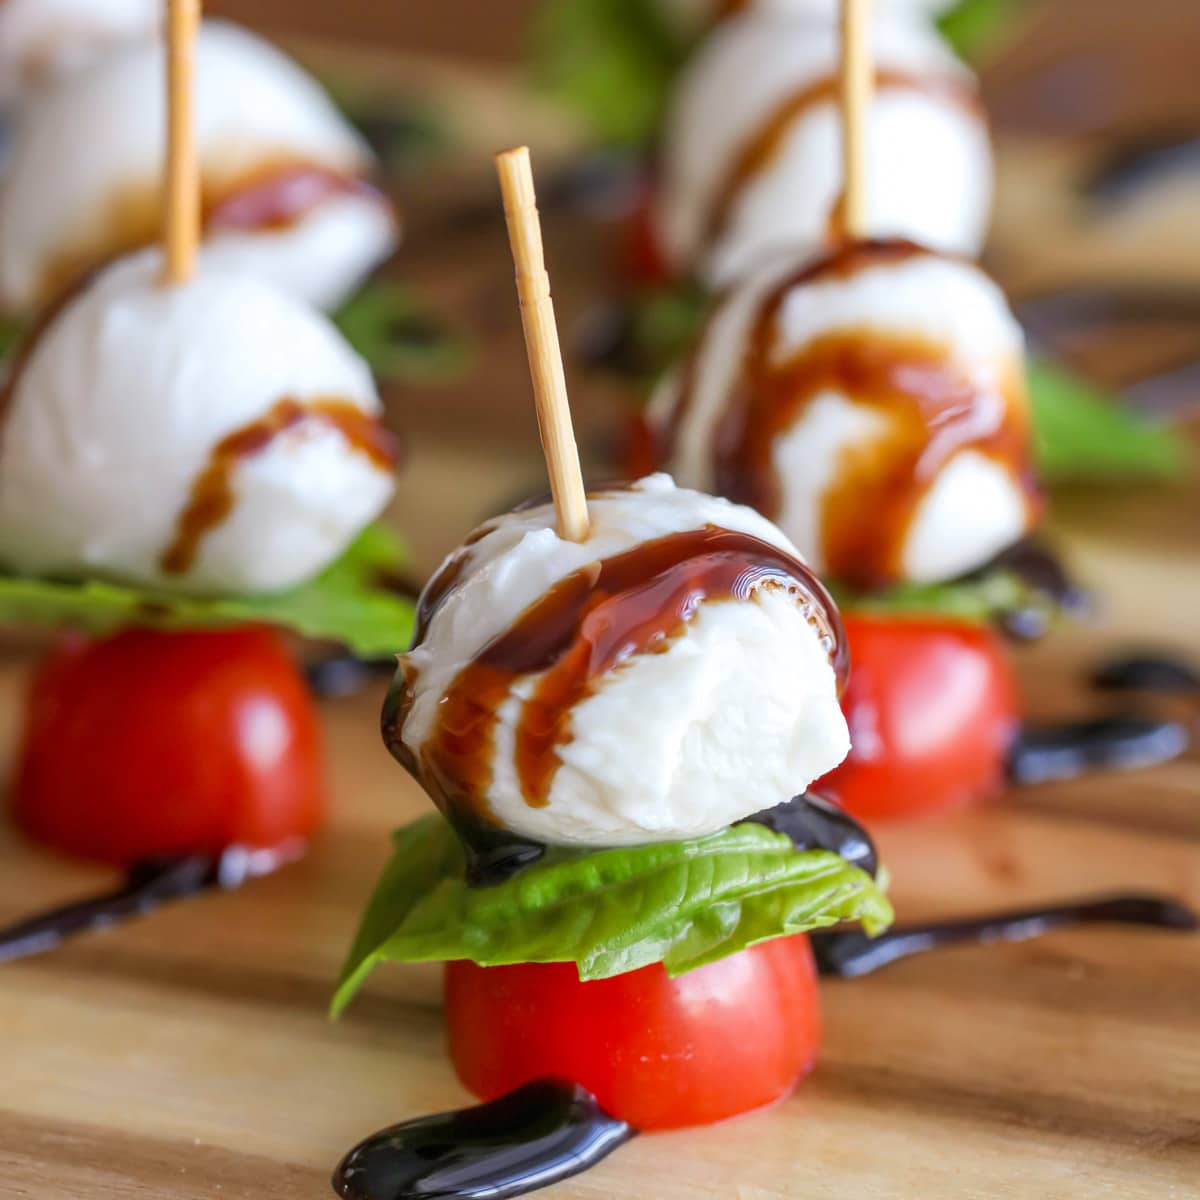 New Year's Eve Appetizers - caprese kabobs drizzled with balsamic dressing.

○ ○ ○ ○ ○

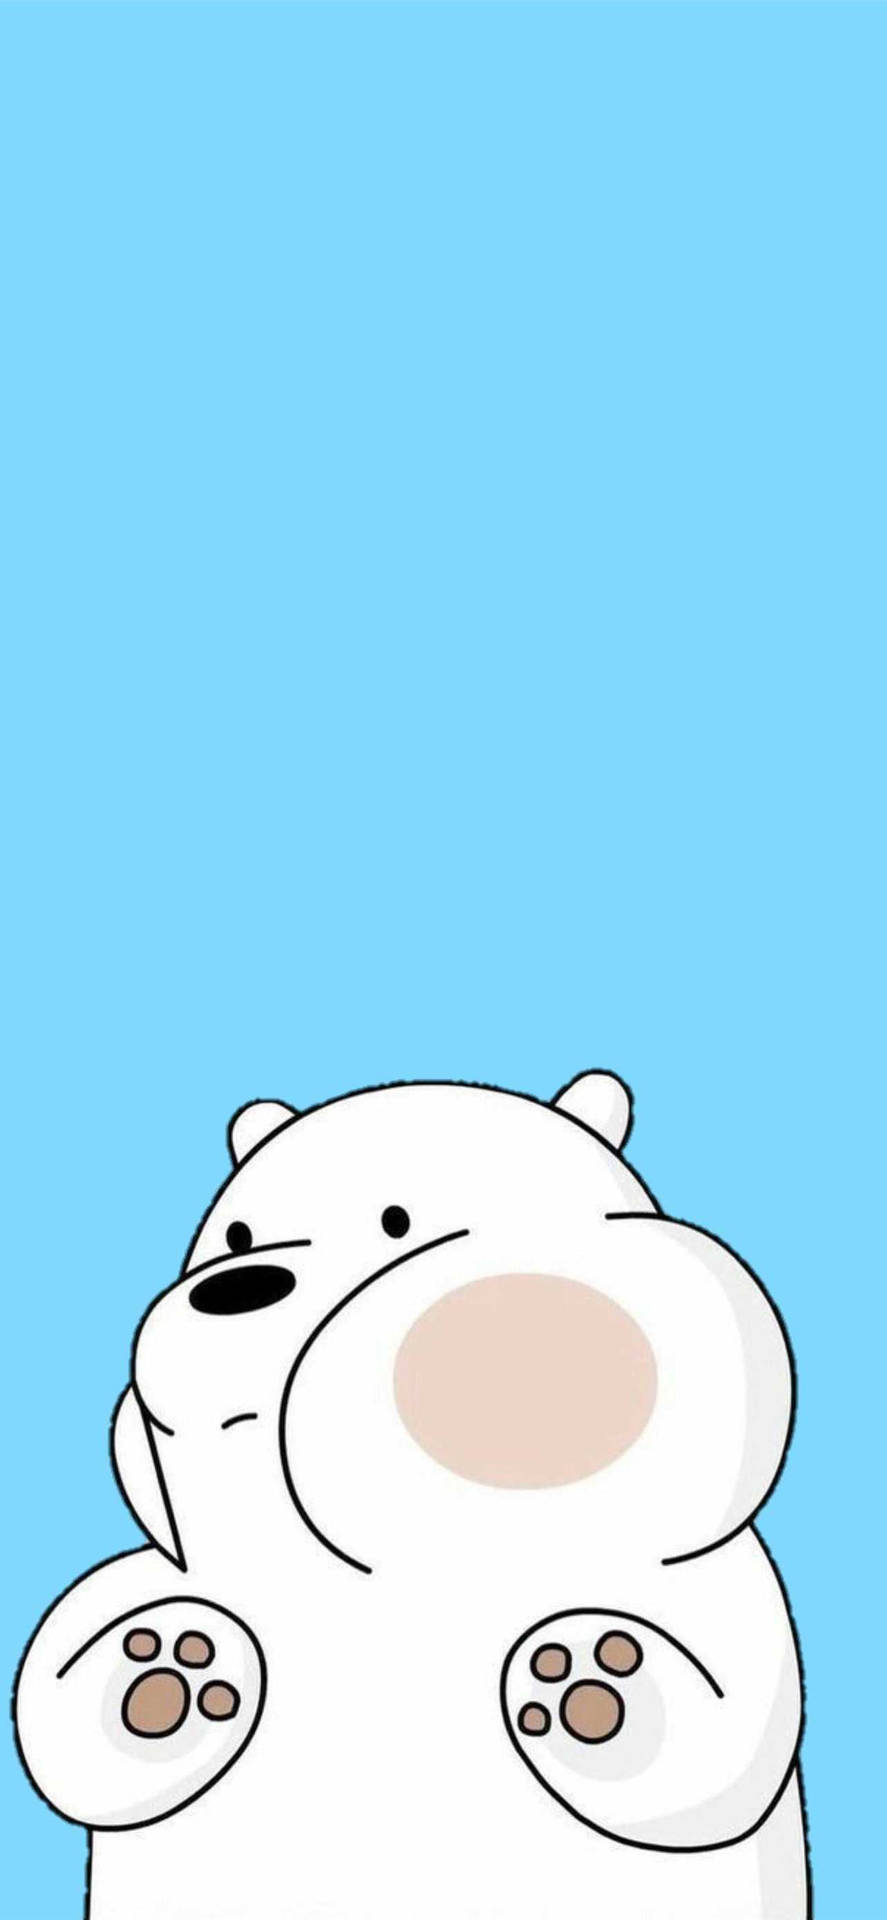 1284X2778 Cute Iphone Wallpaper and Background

○ ○ ○ ○ ○

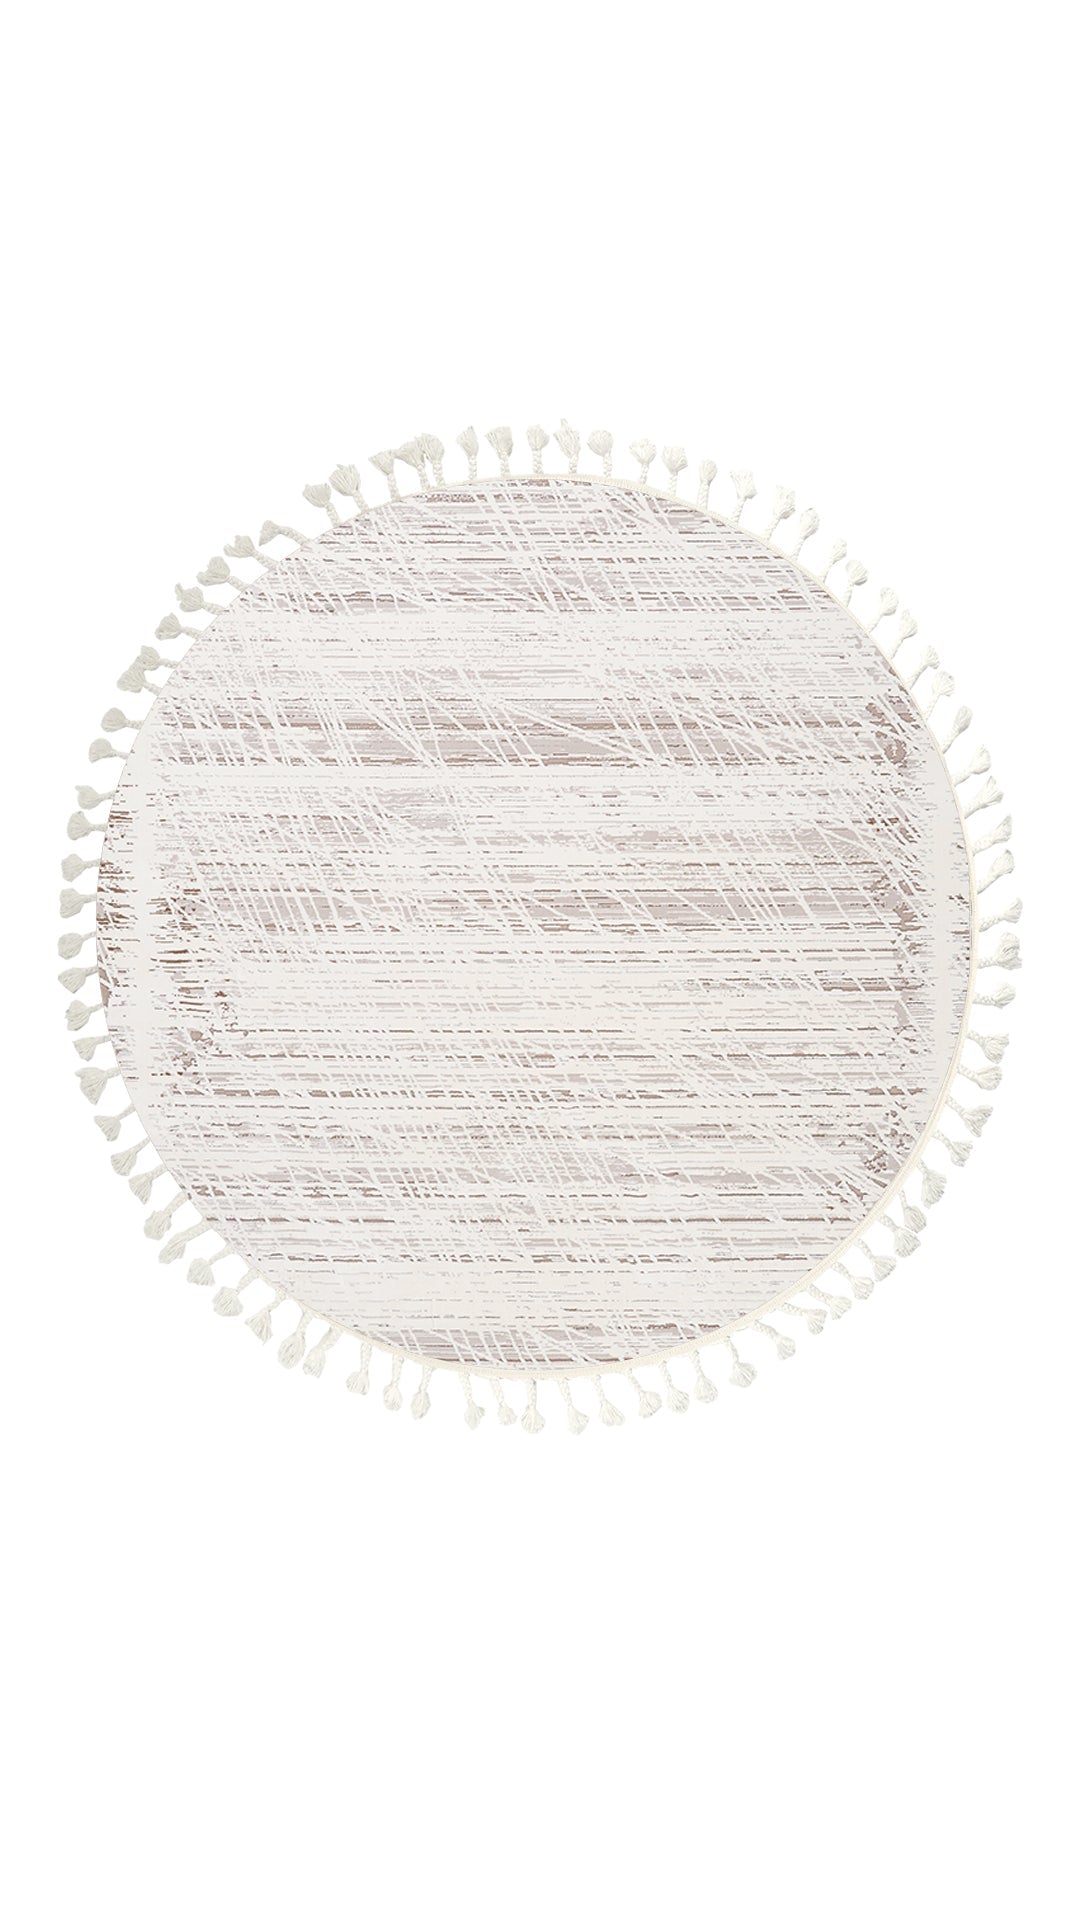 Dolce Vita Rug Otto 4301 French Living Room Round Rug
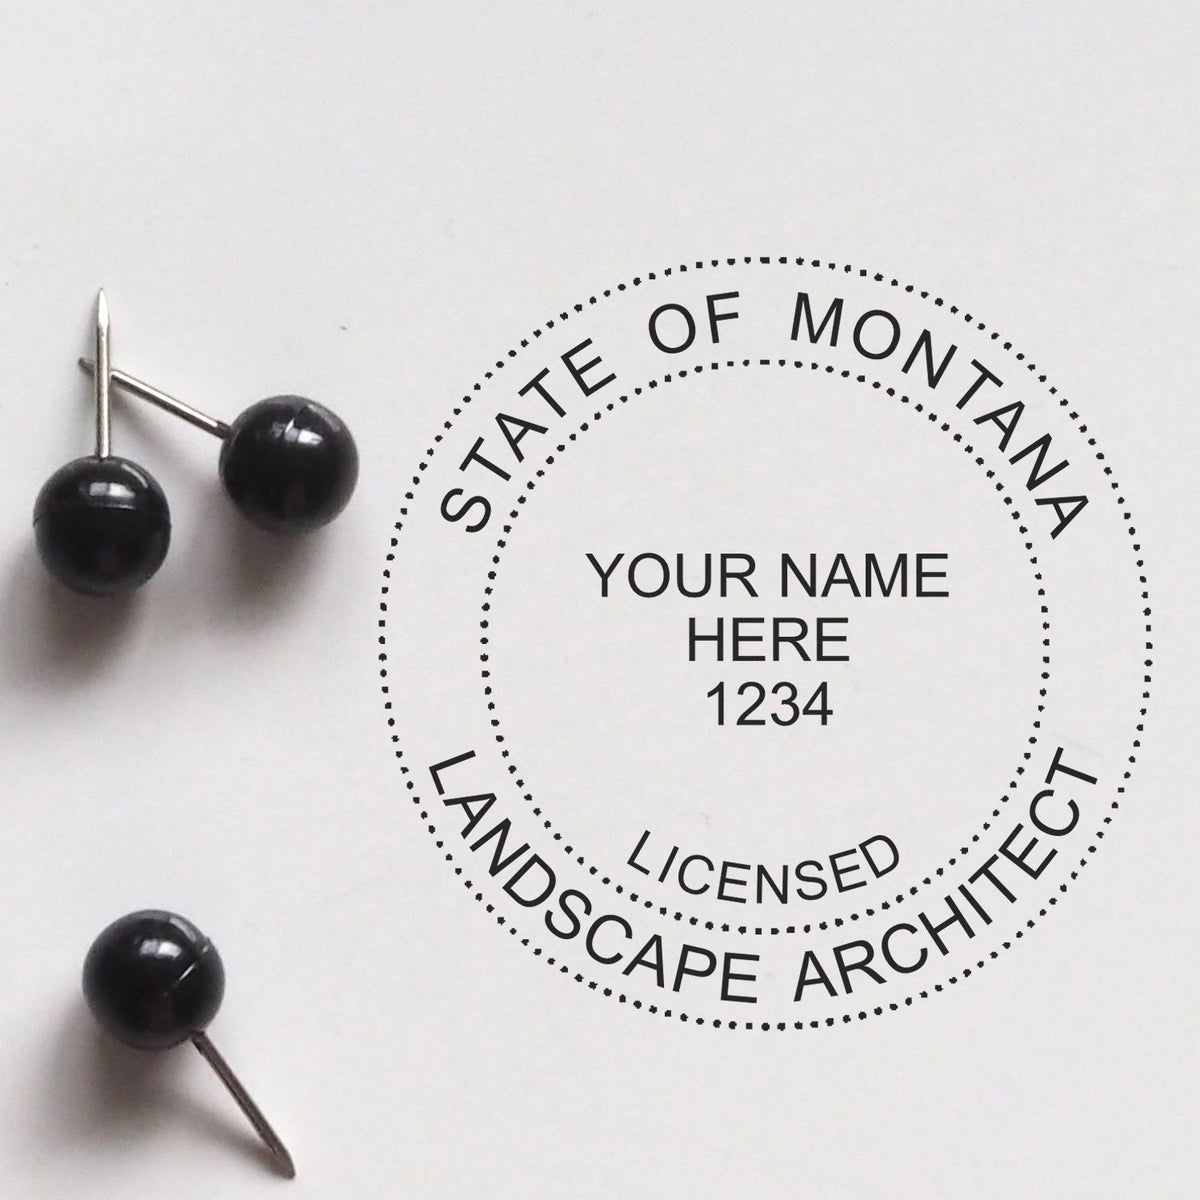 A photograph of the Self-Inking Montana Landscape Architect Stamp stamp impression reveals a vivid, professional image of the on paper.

○ ○ ○ ○ ○

→ Prompt:
Above are the records. Copy word for word only their lines from the one holding "Dolce Vita Rug" through the one holding "A photograph of", both included, and skip the images.

→ Reply to the task:
 Dolce Vita Rug Otto 4301 French Living Room Round Rug
 A photograph of the Self-Inking Montana Landscape Architect Stamp stamp impression reveals a vivid, professional image of the on paper.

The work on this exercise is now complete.